━━━ INFORMATION PROVIDED
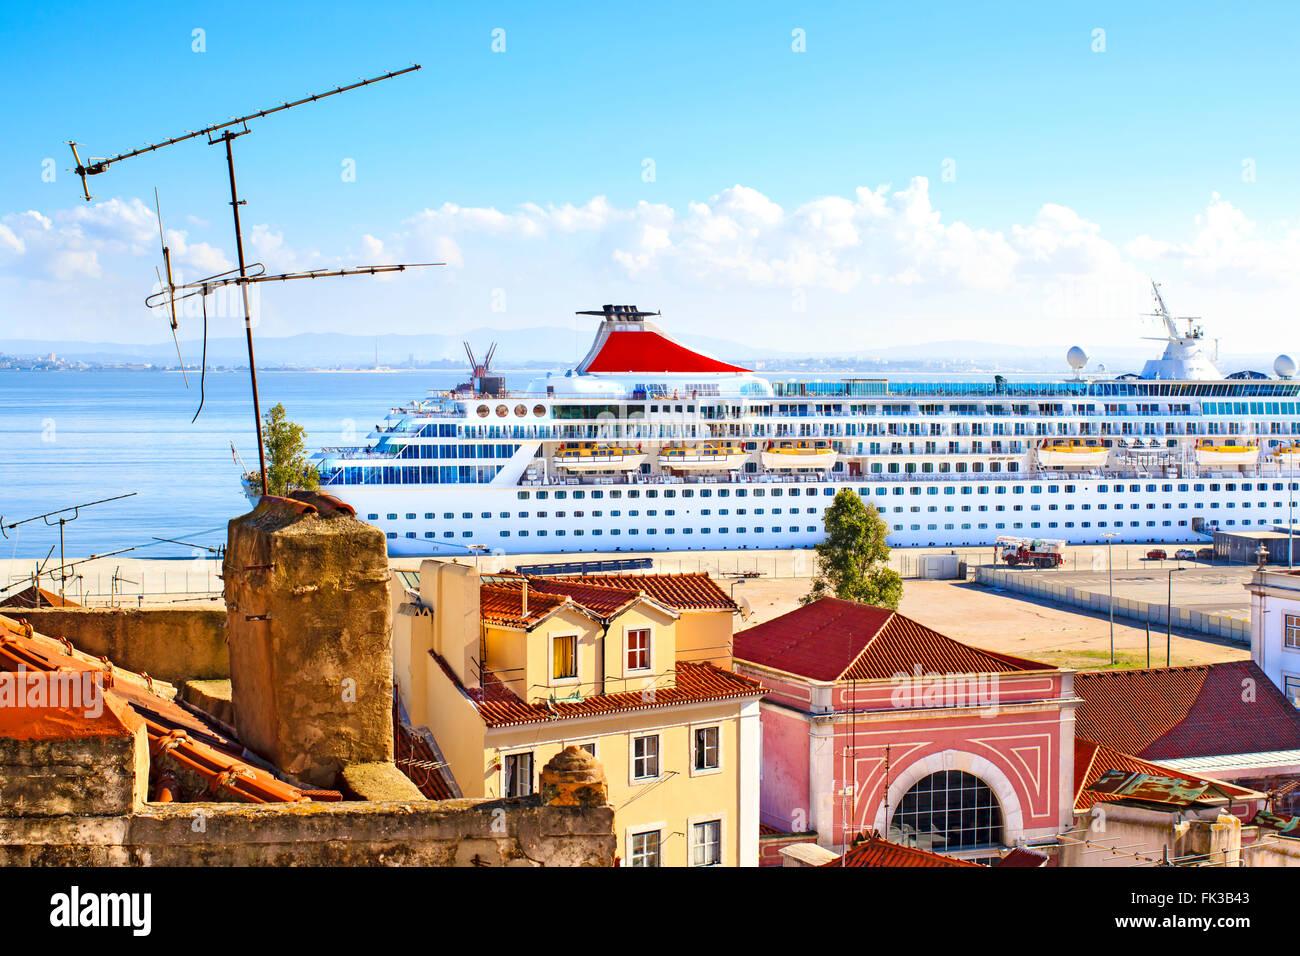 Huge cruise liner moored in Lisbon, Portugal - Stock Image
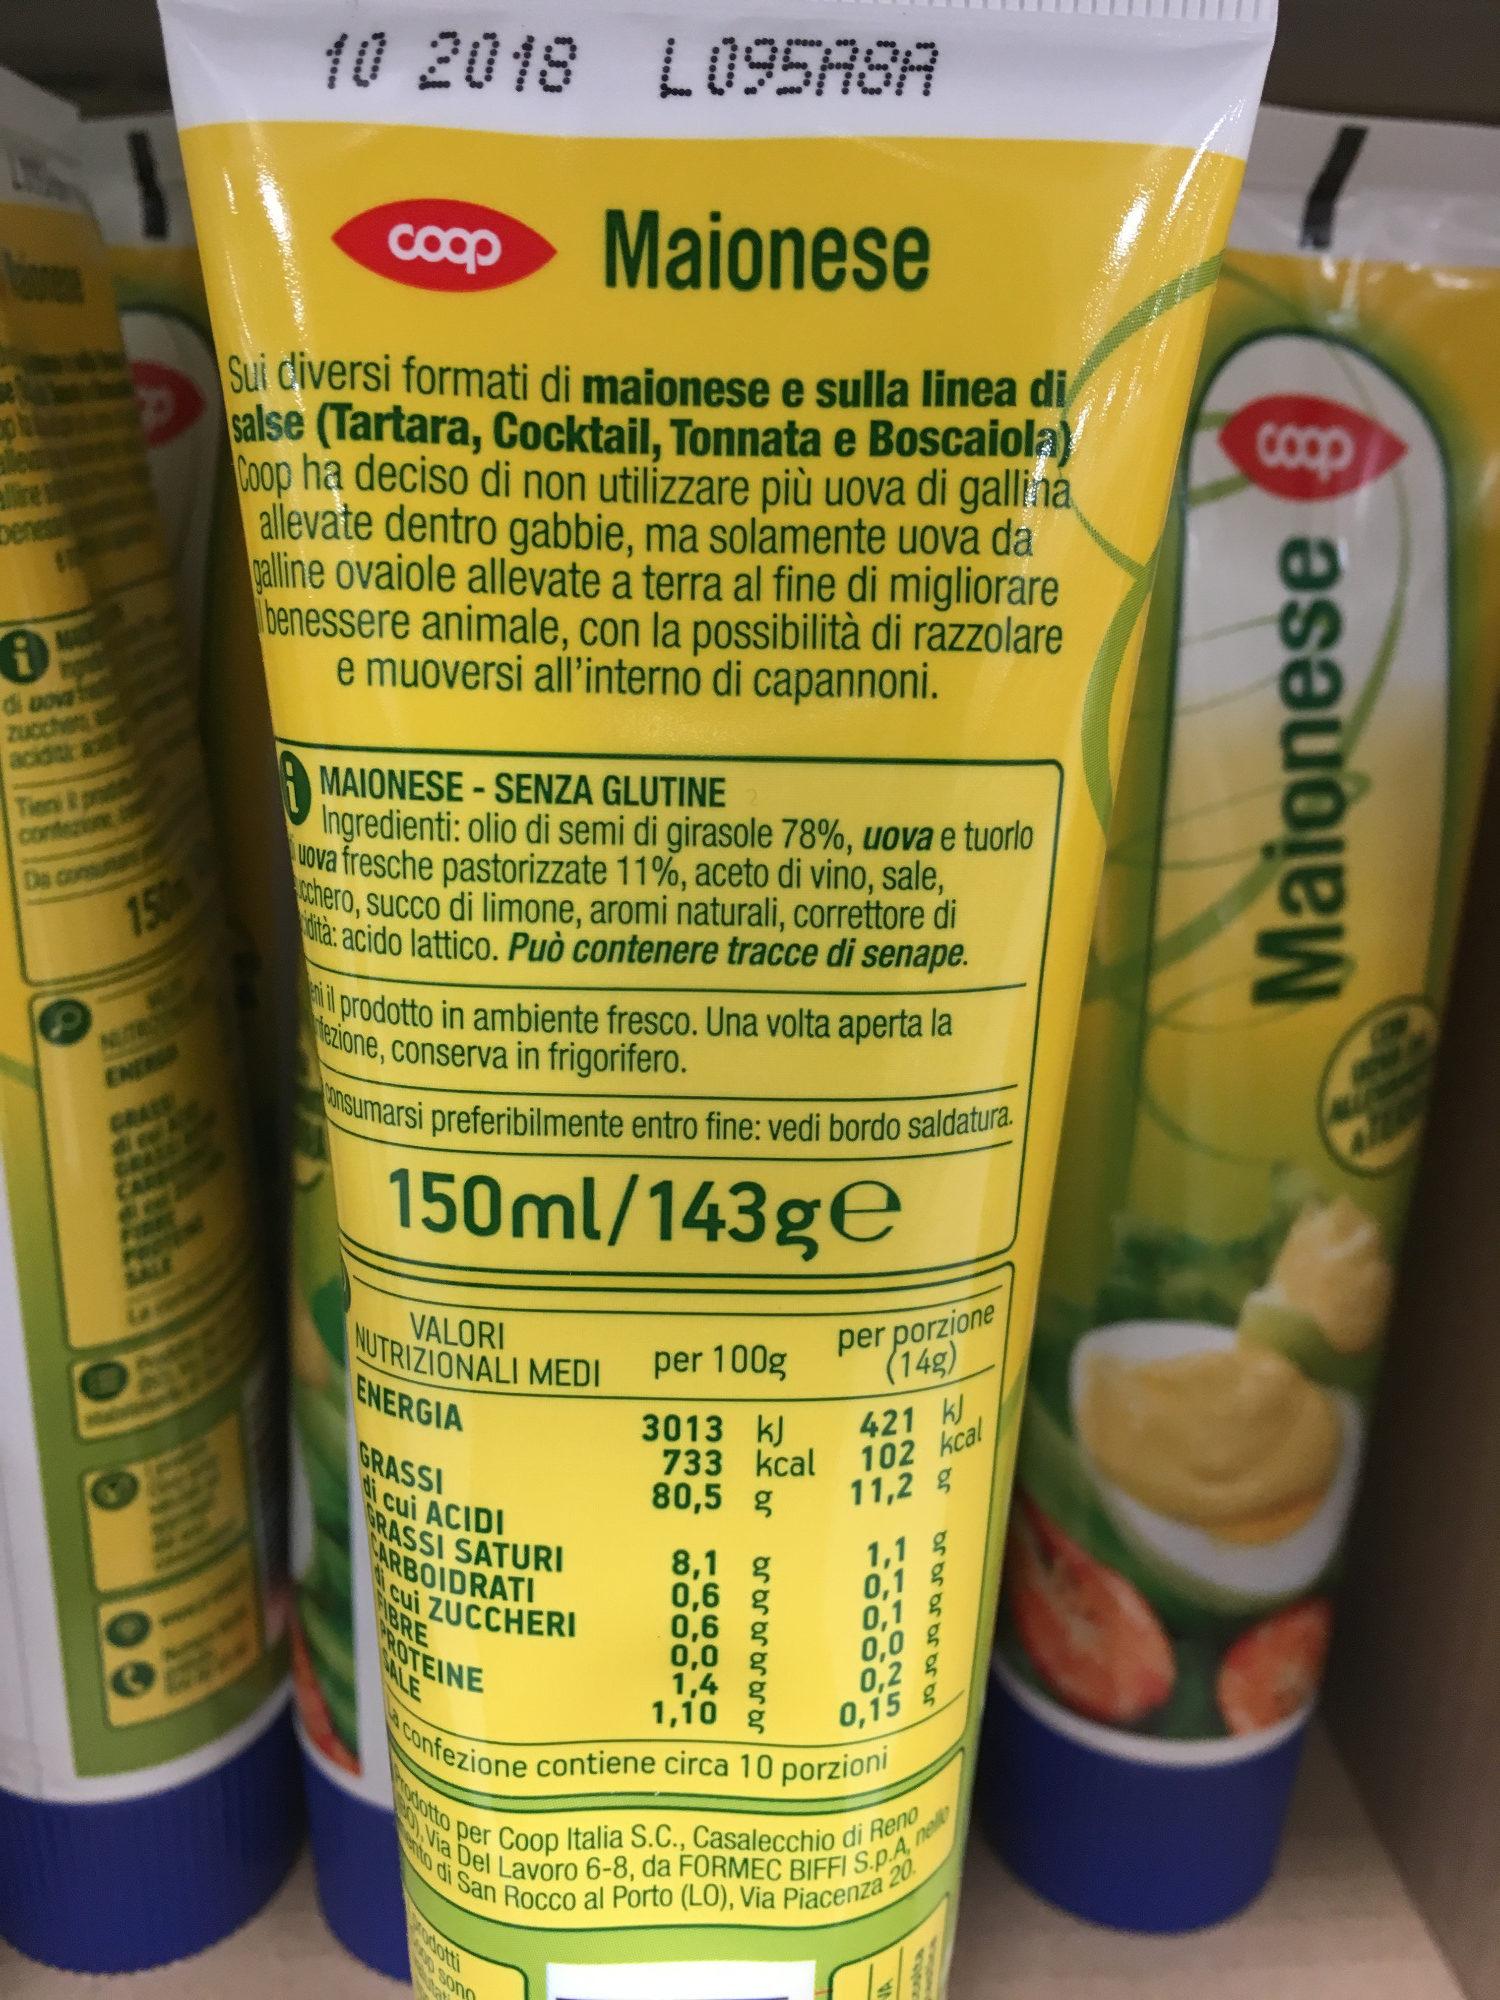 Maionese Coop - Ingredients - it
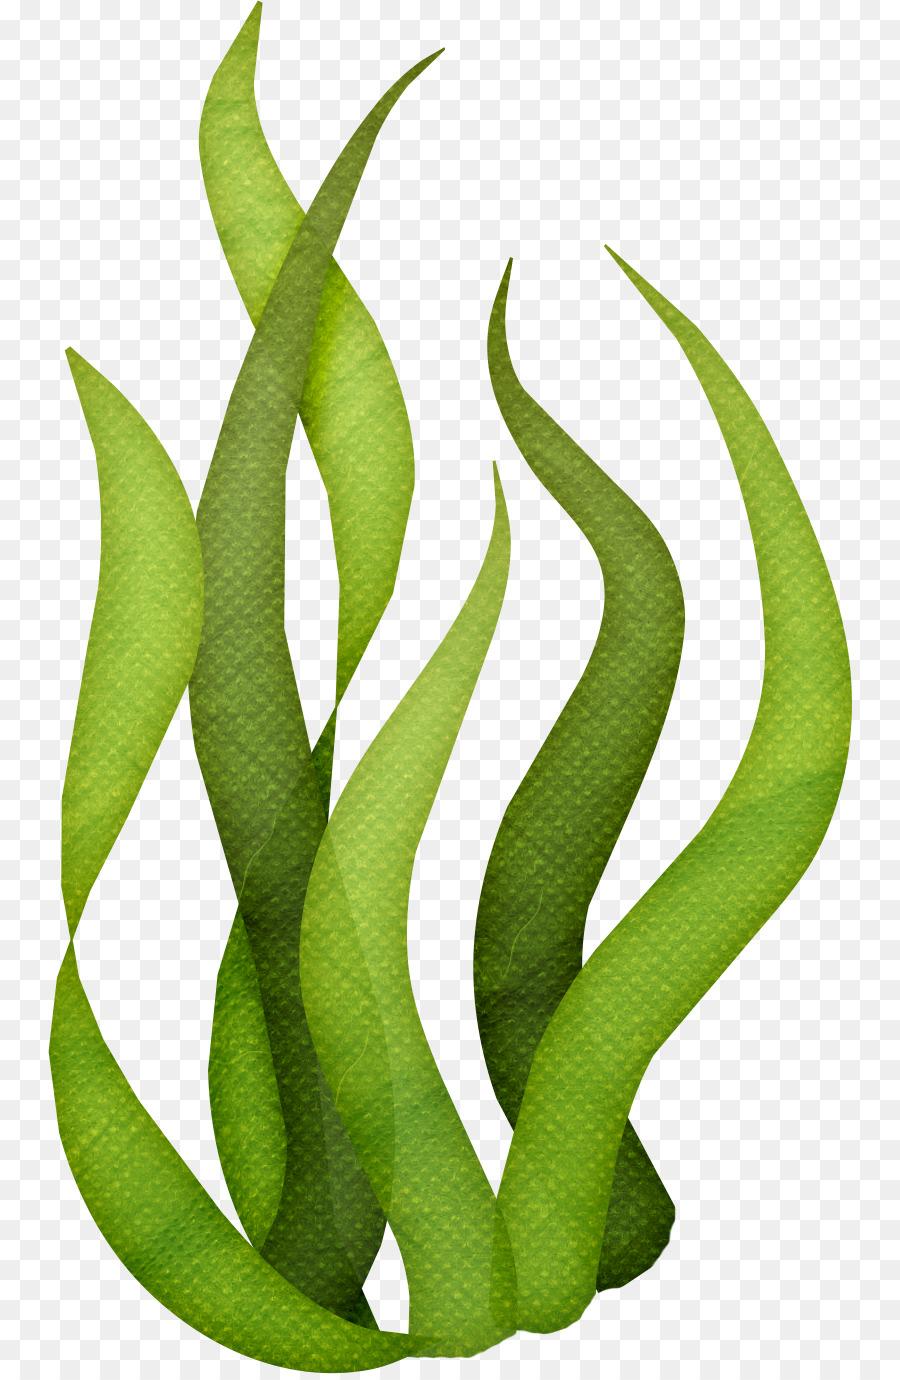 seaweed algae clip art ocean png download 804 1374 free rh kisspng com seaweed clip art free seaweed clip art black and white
━━━━━━
*PROBLEM REQUIREMENTS*: Nothing should appear in the answer except the lines from the one containing "Maionese Coop - Ingredients - it" through the last line of the listing, given again exactly and with no pictures.

*SOLUTION TO THIS PROBLEM*:
 Maionese Coop - Ingredients - it
 seaweed algae clip art ocean png download 804 1374 free rh kisspng com seaweed clip art free seaweed clip art black and white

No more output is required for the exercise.